Even though it's documented that comparing dates should always be the same kind, that seems like terrible behaviour on dotnet's part that's kept for backwards compatibility.

SSMKittel avatar Oct 03 '20 00:10 SSMKittel

So then presumably calling .ToUniversalTime() on each then comparing would be the acceptable fix?

brockallen avatar Oct 03 '20 18:10 brockallen

I would assume so

SSMKittel avatar Oct 03 '20 23:10 SSMKittel

Submitted a draft PR. Please have a look. Turns out we are doing DateTime comparisons in a few places, so I wanted to get all of them.

brockallen avatar Dec 05 '20 18:12 brockallen

While looking into this, it seems that ToUniversalTime is quite expensive if the DateTime is not UTC already. I'm tempted to simply state that we expect all DateTime to be UTC (which is of course how the code is all written). Can you explain why your store is returning non-UTC DateTime values?

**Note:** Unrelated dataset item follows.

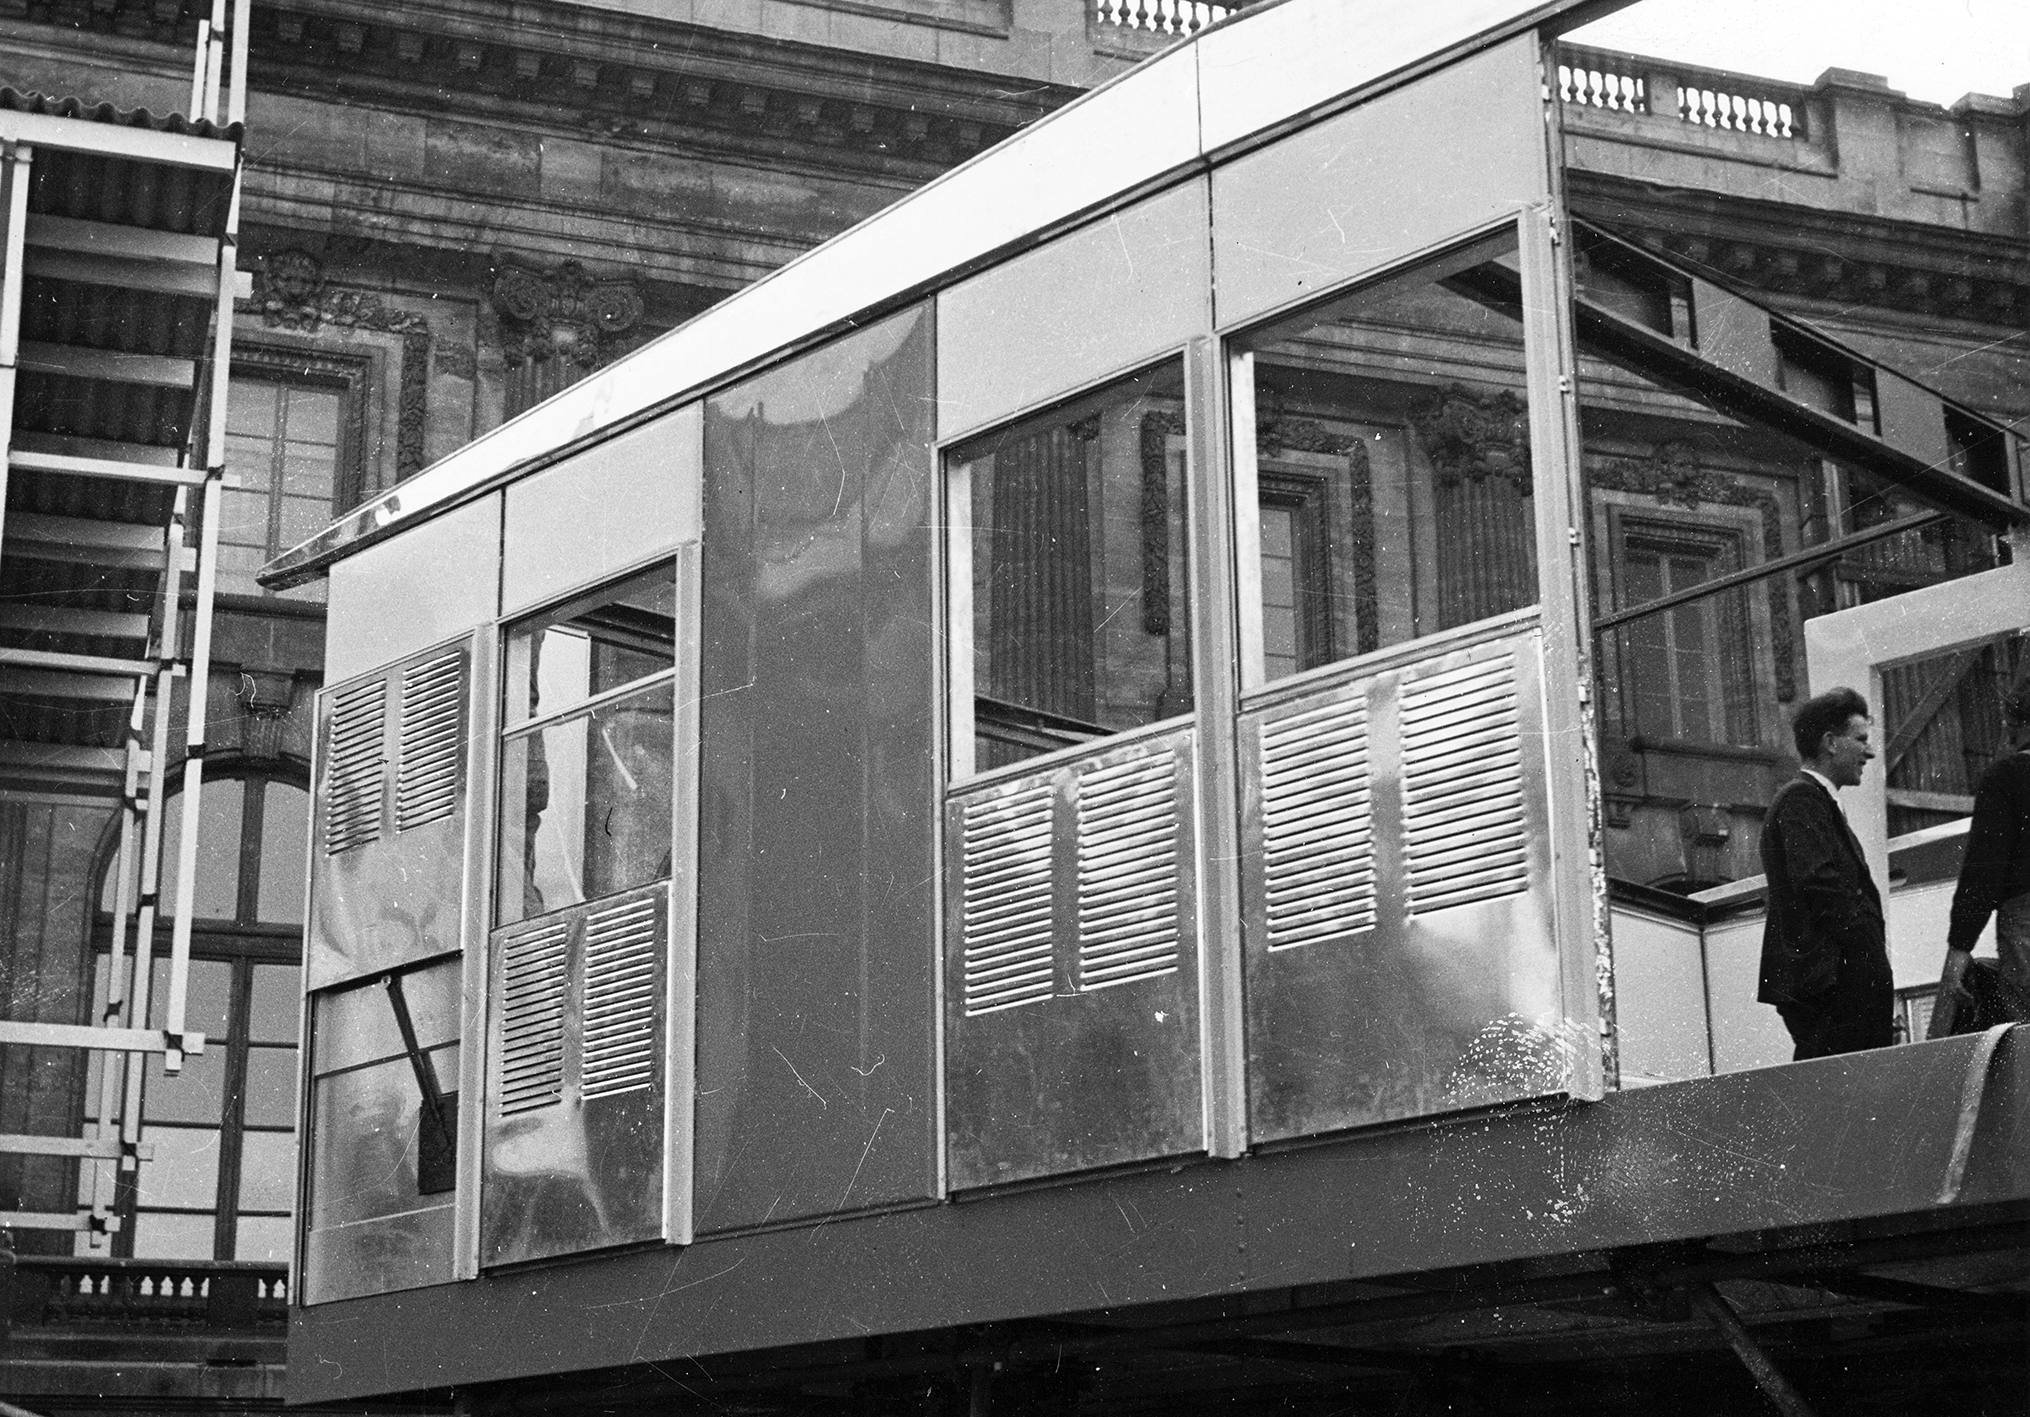 Maison démontable Métropole. Montage d’un pavillon 8x8 à l’Exposition de l’habitation, Salon des arts ménagers, Grand Palais, Paris, février 1950.

brockallen avatar Dec 30 '20 19:12 brockallen

Sorry for the late reply.

I believe the datetime was in local time because that's how the database driver (npgsql) handled fields of type "timestamp with time zone" (despite the name, it's a date/time in UTC in postgres).

SSMKittel avatar Feb 10 '21 04:02 SSMKittel

Yea, since this thread I looked into related topics and IMO the DB layer should be returning DateTimes with the correct Kind set.